The story is an old and famous one, but it will bear repeating. A great naturalist once put himself to an infinity of trouble in measuring the angles formed by the rhombs in a vast number of comb-cell bases, and he found that these showed remarkable uniformity. It will be clear that the hollow pyramid of the cell-bottom will be either deep or shallow, according to the shape of the three rhombs composing it. The apex of the pyramid is formed by the meeting of three equal angles, one from each rhomb; and it is plain that this apex will be sharp or blunt, according to whether the meeting angles are wide or narrow. It was, of course, impossible to ascertain the dimensions of these angles with absolutely microscopical nicety; but, dealing only with the most perfect comb, the naturalist found that the two greater angles in the rhombs measured very nearly 110°, and the two lesser angles 70°. He also found that the angles formed by the conjunction of the cell-sides with the bases had the same dimensions as those of the rhombs. Assuming therefore that, mathematically, the angles of the rhombs and cell-sides should be equal, he was able to calculate exactly the angles for which the bees were evidently striving in the construction of the rhombs—109° 28′ and 70° 32′.

Another bee-lover scientist, ruminating over these figures, was much impressed by them, and determined to find out the reason why the bee made such constant choice of this particular shape of rhomb. He therefore conceived the idea of submitting the bee’s judgment on this cell-base question to an independent authority. Without disclosing his object, he propounded the following problem to one of the greatest mathematicians of the day.
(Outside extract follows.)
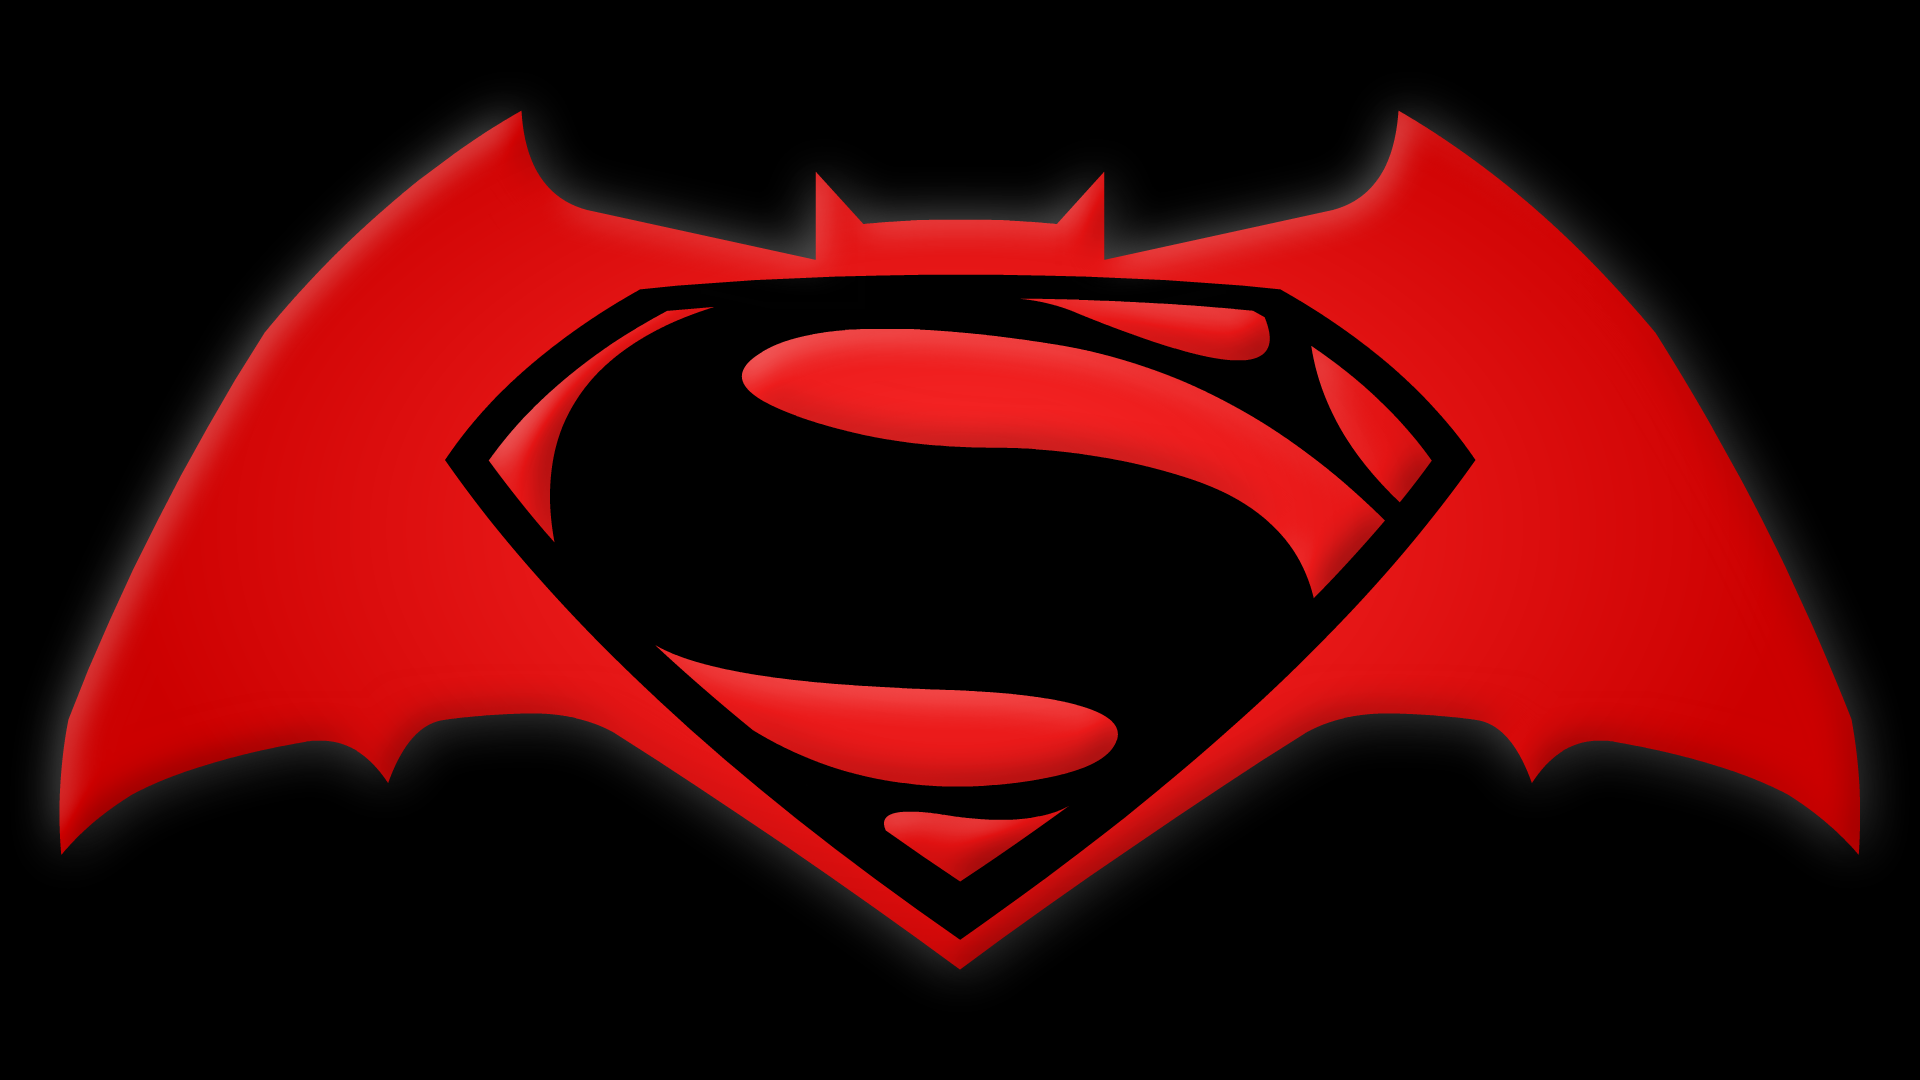 batman v superman symbol by yurtigo on deviantart

“Supposing,” said he, in effect, “you were required to close the end of an hexagonal vessel by three rhombs or diamond-shaped plates, what angles must be given to these rhombs so that the greatest amount of space would be enclosed by the least amount of material?”

It was a difficult problem, but the mathematician worked it out at last, and his answer was “109° 26′ and 70° 34.”

Now, the difference between the calculation of the man and the calculation of the bee was an exceedingly small one. No one thought of calling into question the work of the man, who was pre-eminent in his world of figures. It was therefore accepted as a fact that the bee had made a trifling mistake—so trifling, however, that, in the matter of comb-building, it was of no importance. Her reputation was unimpaired: to all intents and purposes the honey-cell was still a perfect example of utmost capacity secured by least material.

But another mathematician—a Scotsman this time—went over the whole business again, and he proved conclusively that the bee was right, while the first mathematician was wrong. He showed that the true answer to the problem of the angles was 109° 28′ and 70° 32′—identically the figures obtained by estimation of the honey-comb.